> _Directions_: Each line of the material below is to be written out exactly. Leave out any picture.

BEGIN Collected material

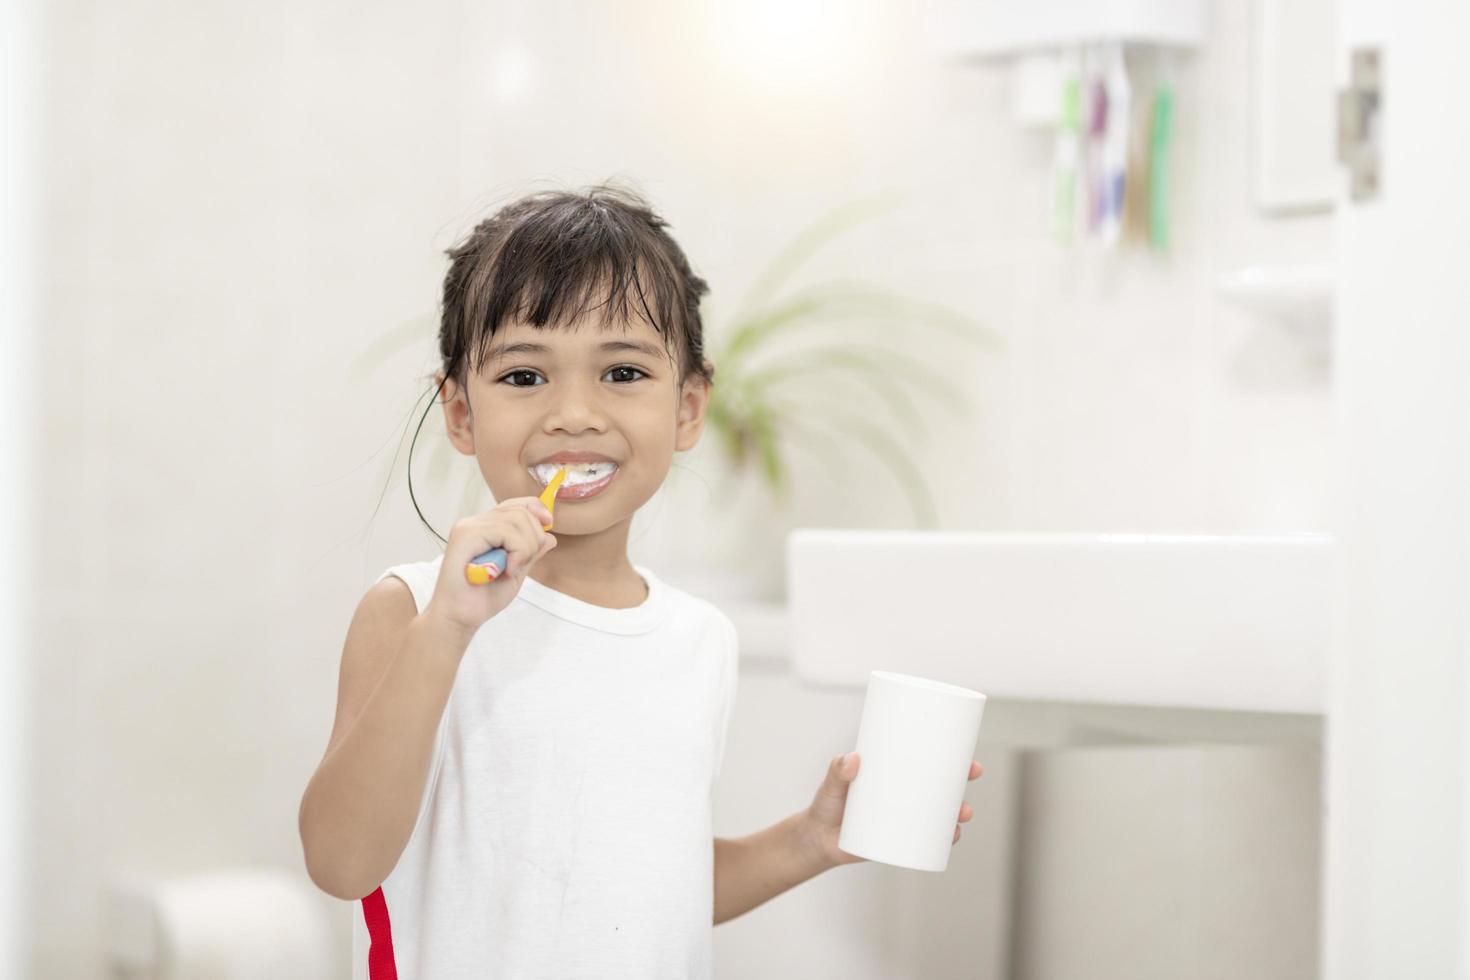 menina bonitinha limpando os dentes com uma escova de dentes no banheiro foto
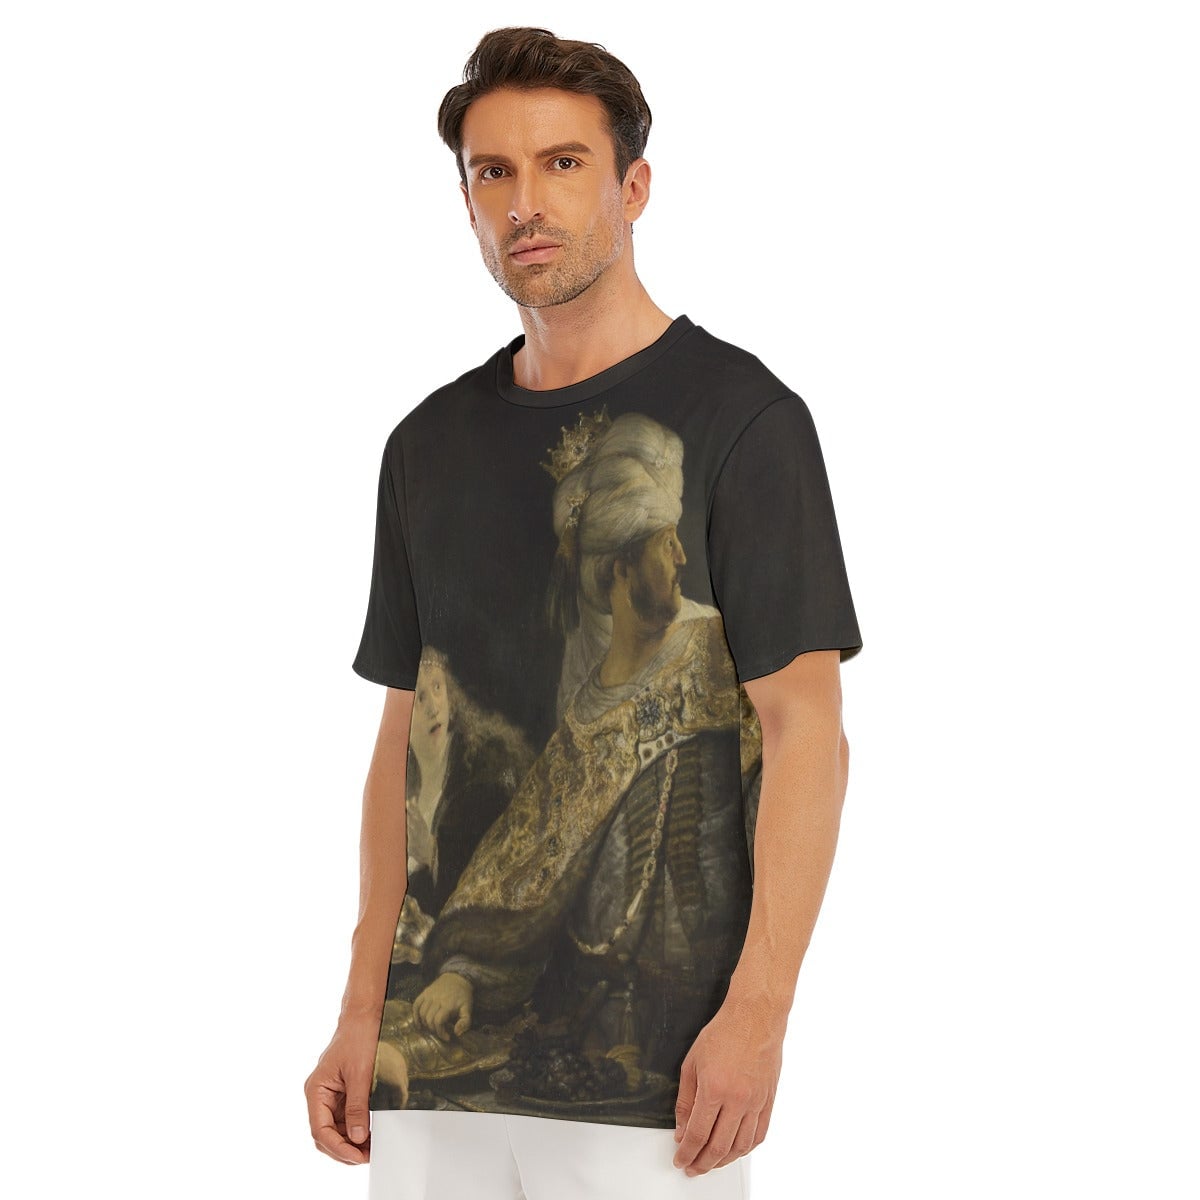 Rembrandt van Rijn’s Belshazzar’s Feast T-Shirt
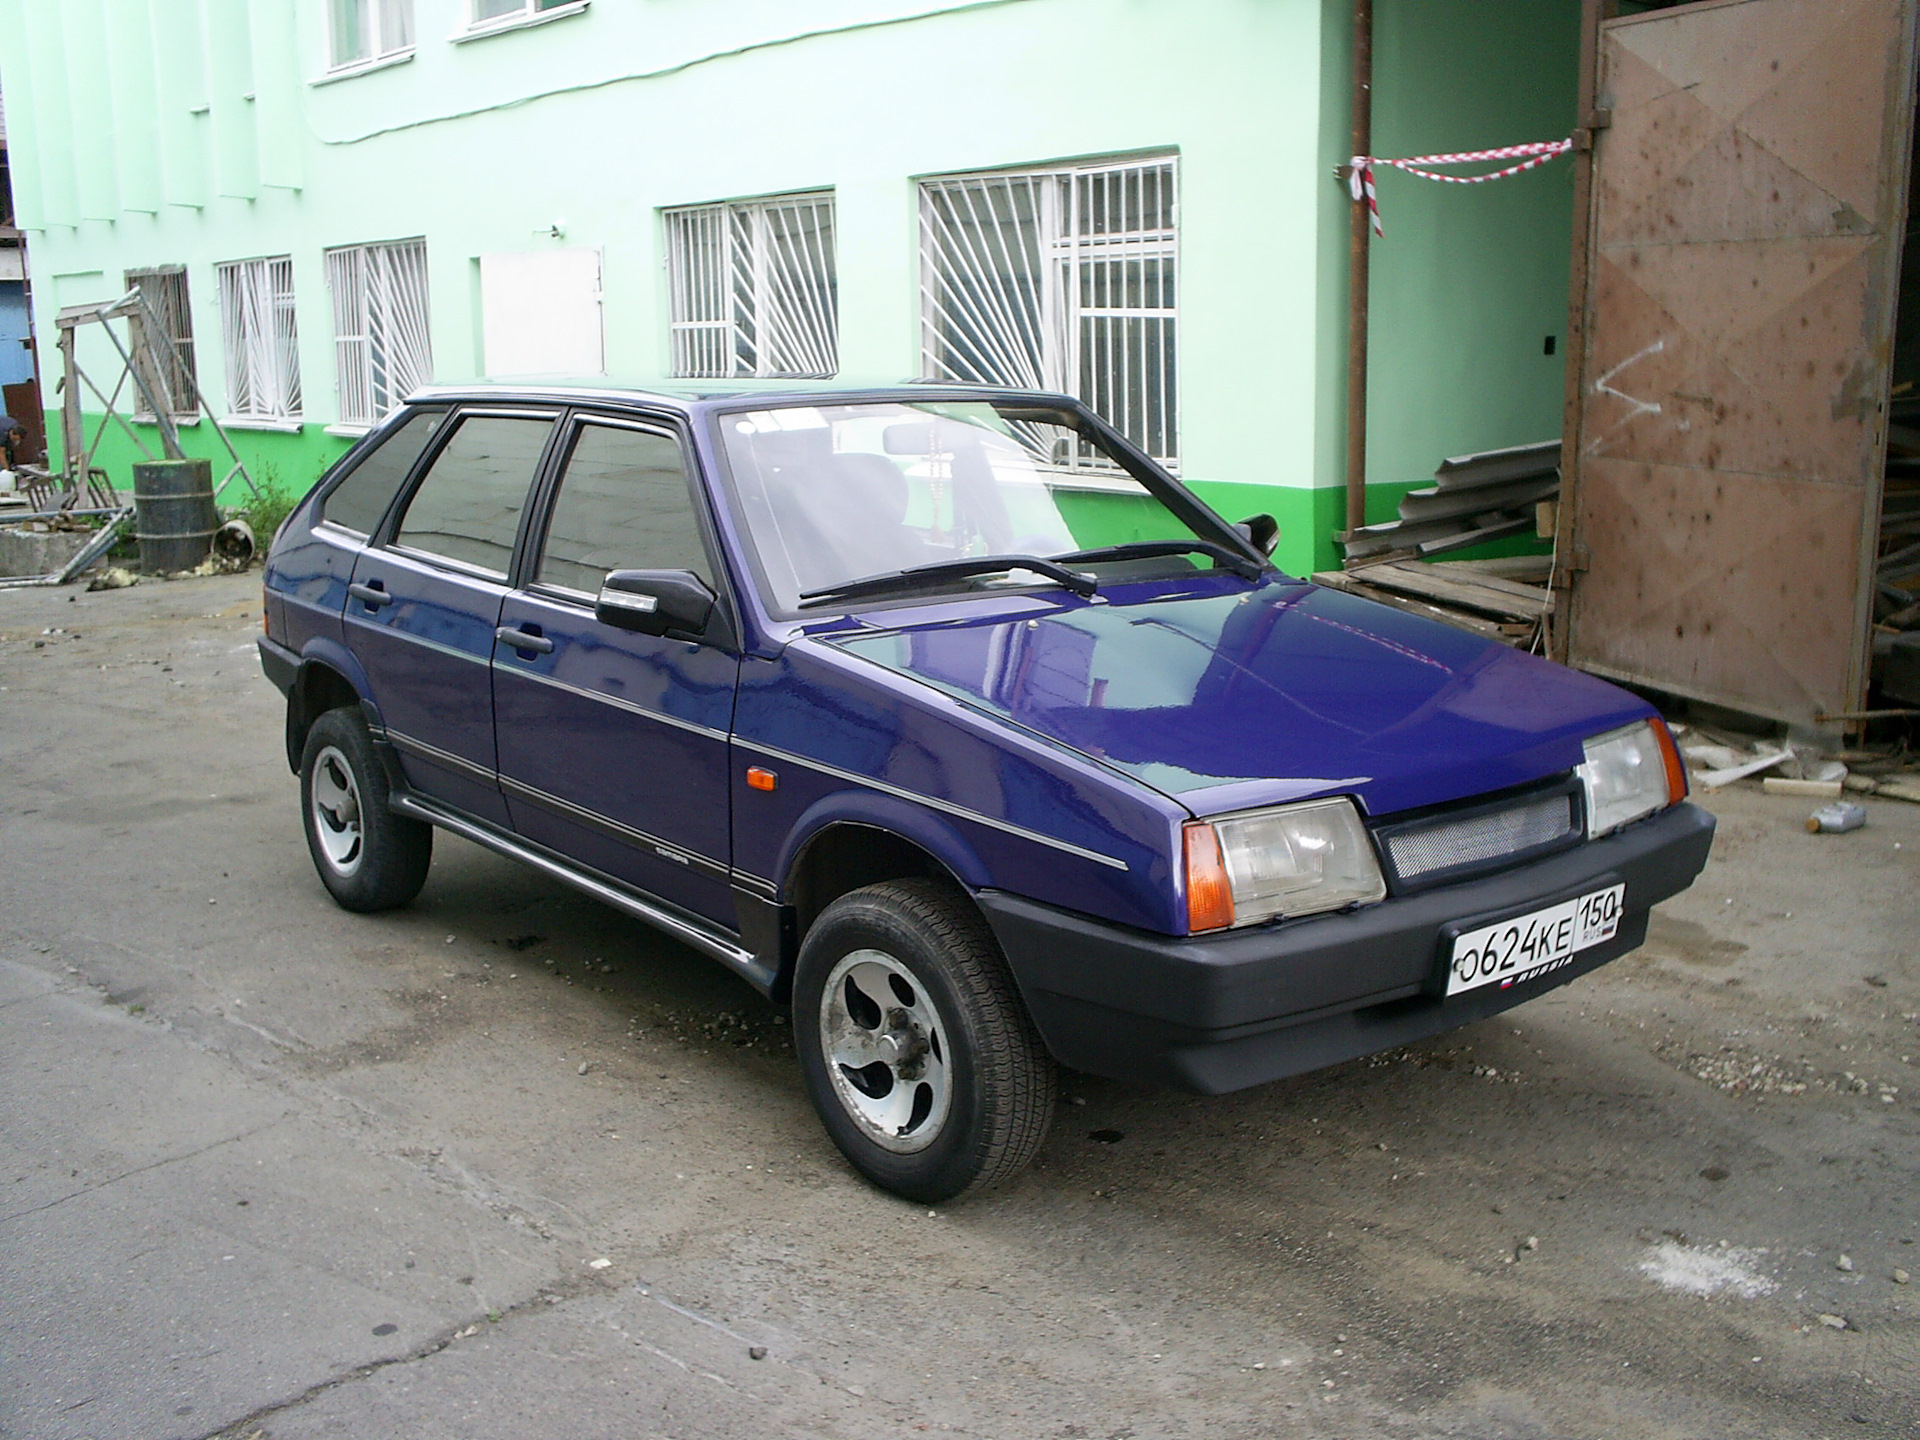 Автомобили ваз 21093. ВАЗ 21093. ВАЗ-21093 Спутник. ВАЗ 21093 1998 синий. Машина ВАЗ 21093.

END Collected material

> _Completed task_:
 menina bonitinha limpando os dentes com uma escova de dentes no banheiro foto
 Rembrandt van Rijn’s Belshazzar’s Feast T-Shirt
 Автомобили ваз 21093. ВАЗ 21093. ВАЗ-21093 Спутник. ВАЗ 21093 1998 синий. Машина ВАЗ 21093.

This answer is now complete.